We have asked data manager Luke Marsden (UNIS), who oversees our data legacy in the project about his important work. He is already known for his role in bringing scientists together to share and use data in the best possible way.
A lot of old knowledge and data had to be updated, and consisting of 10 different institutions with different disciplines, The Nansen Legacy project needed someone to advise on how to manage the collected data following the best practices available.
The oh-so-important data
The definition of the word ‘data’ is incredibly broad. The word derives from the plural of the latin word “datum” which means ‘a thing given’.
"But what is data?"
“I think this has evolved to something like ‘information about a thing’. When most people think of data they think of numbers, but data can be descriptive, facts, or even things like images. For me, data is what drives knowledge, so really any information about any object can be considered data if it is the subject of some research – and research in the broadest sense too,” Marsden says.

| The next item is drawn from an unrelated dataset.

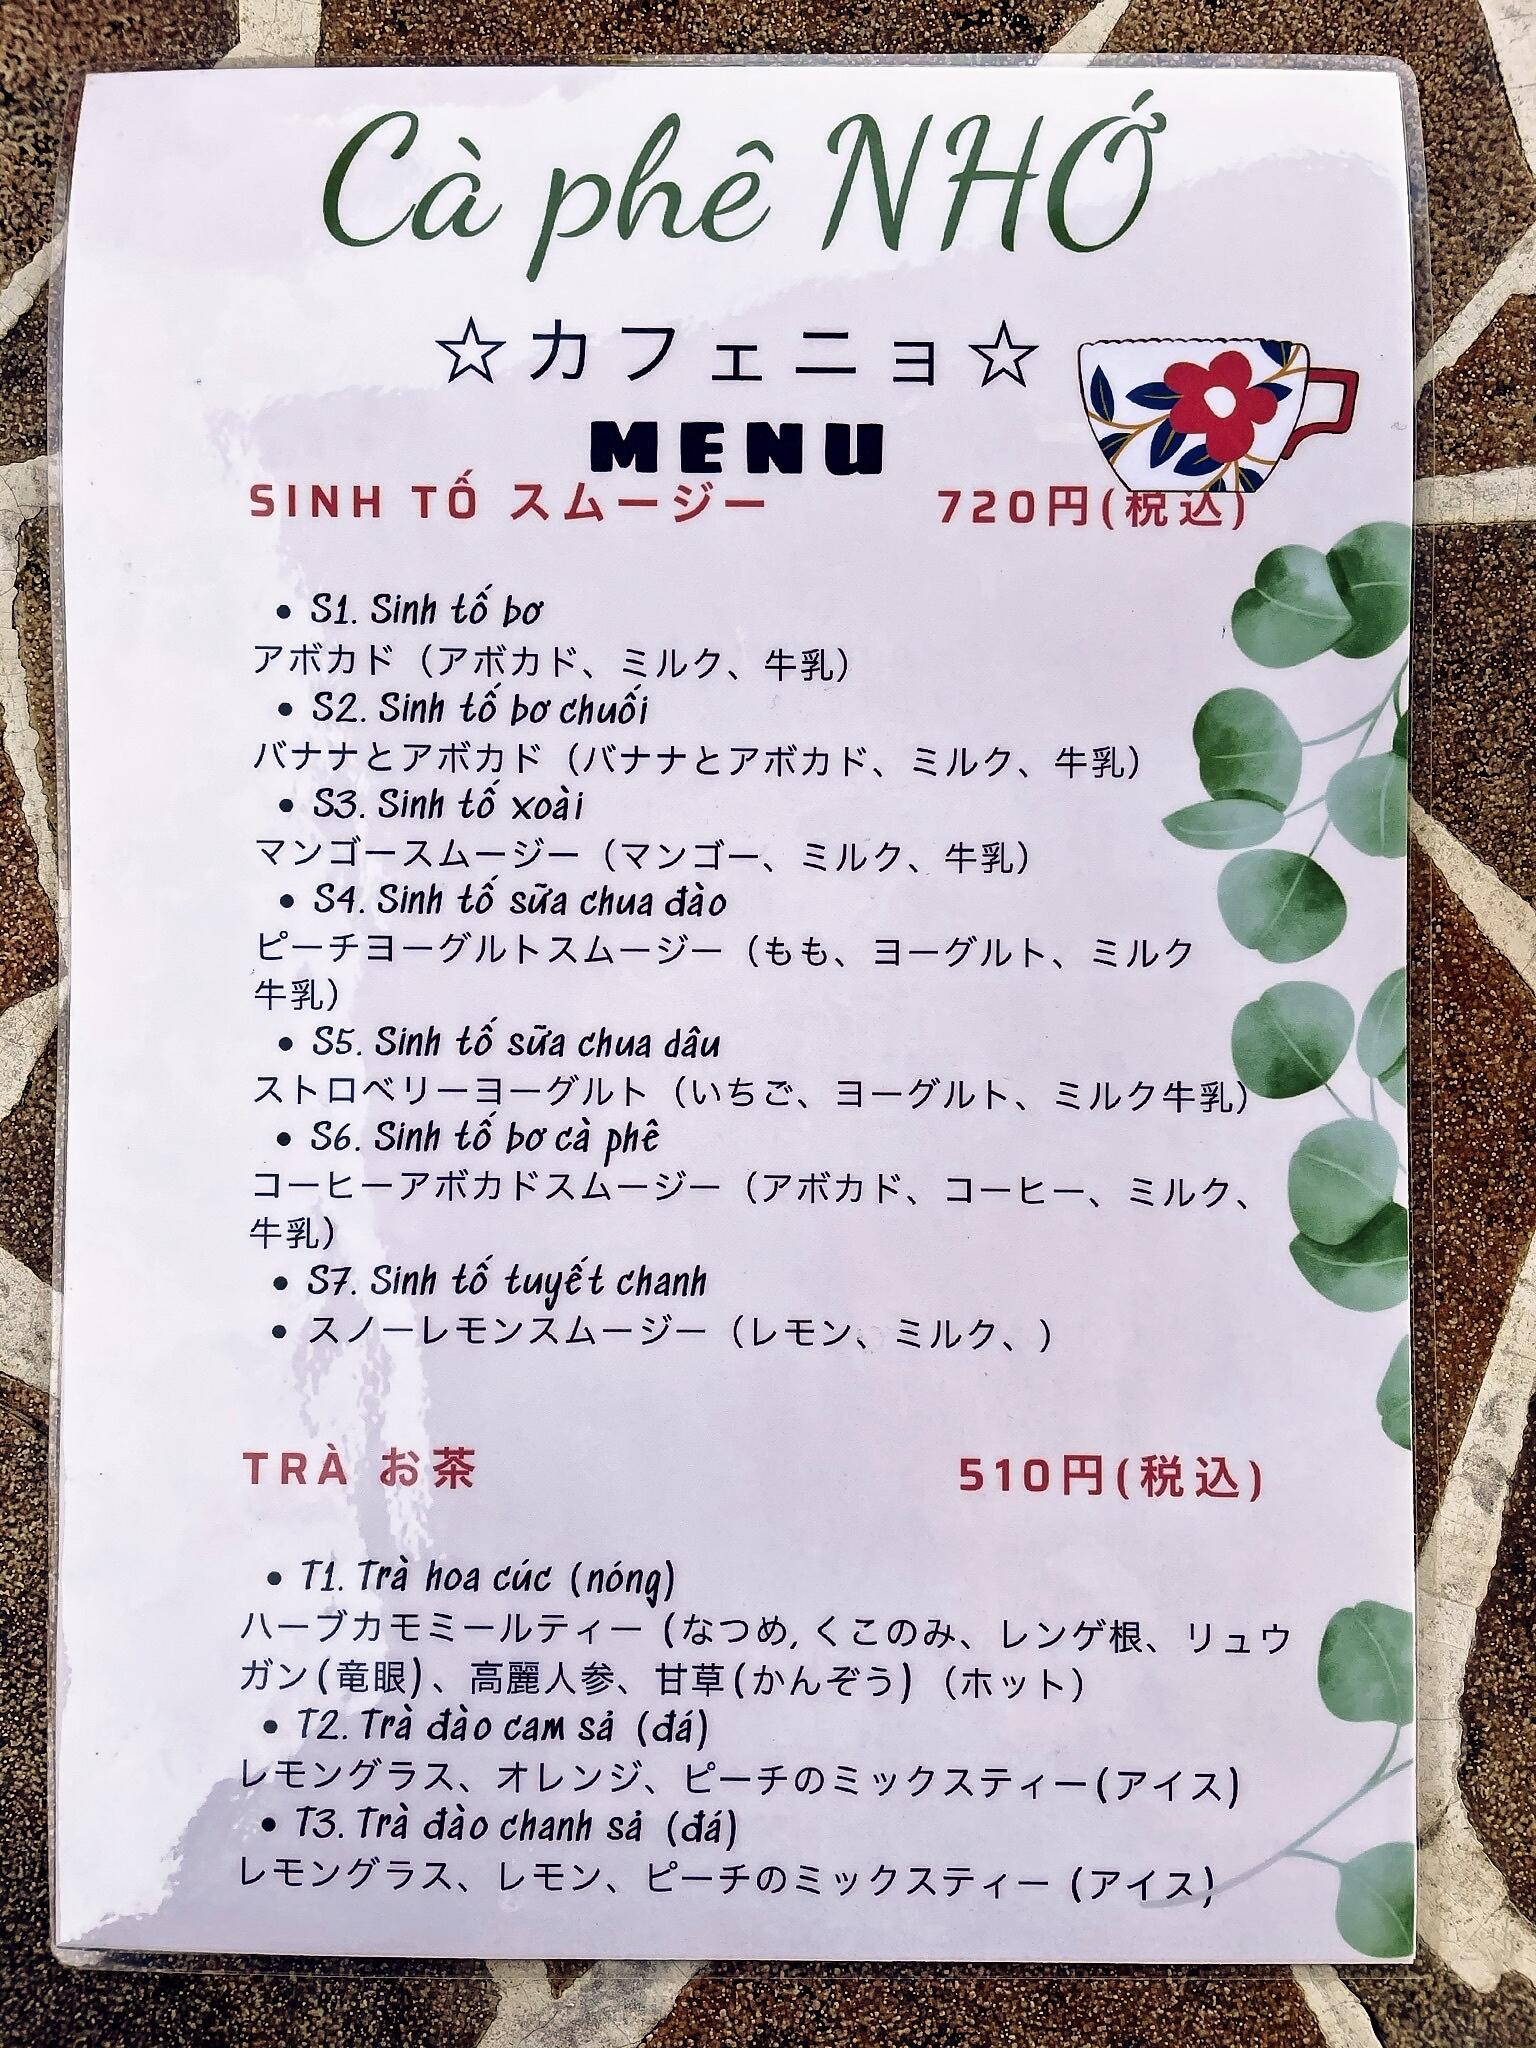 【愛知県東海市】子ども・ペット連れに優しいガーデンカフェ「カフェニョ(Cà Phê NHỚ)」

Better for the future scientist if we publish our data now?
Scientists in the Nansen Legacy project have collected data all the way from outer space to under the bottom of the ocean.
We wonder if this is a lot to handle for one person, and Marsden nods.
“I agree, it would be. But my job is to help people manage their data themselves, not to do it for them. There is far too much data for me to manage alone. Mostly my job is to teach people how to manage their data and develop tools or applications that make this easier for them. Researchers should publish their data, but historically, this has been a big problem in academia,” he says.
According to this Nature paper, only 20 per cent of research data is available 20 years after a scientific paper has been published. So, it is the job of a data manager to drive a culture change when it comes to publishing data as much as it is to teach people how to publish their data.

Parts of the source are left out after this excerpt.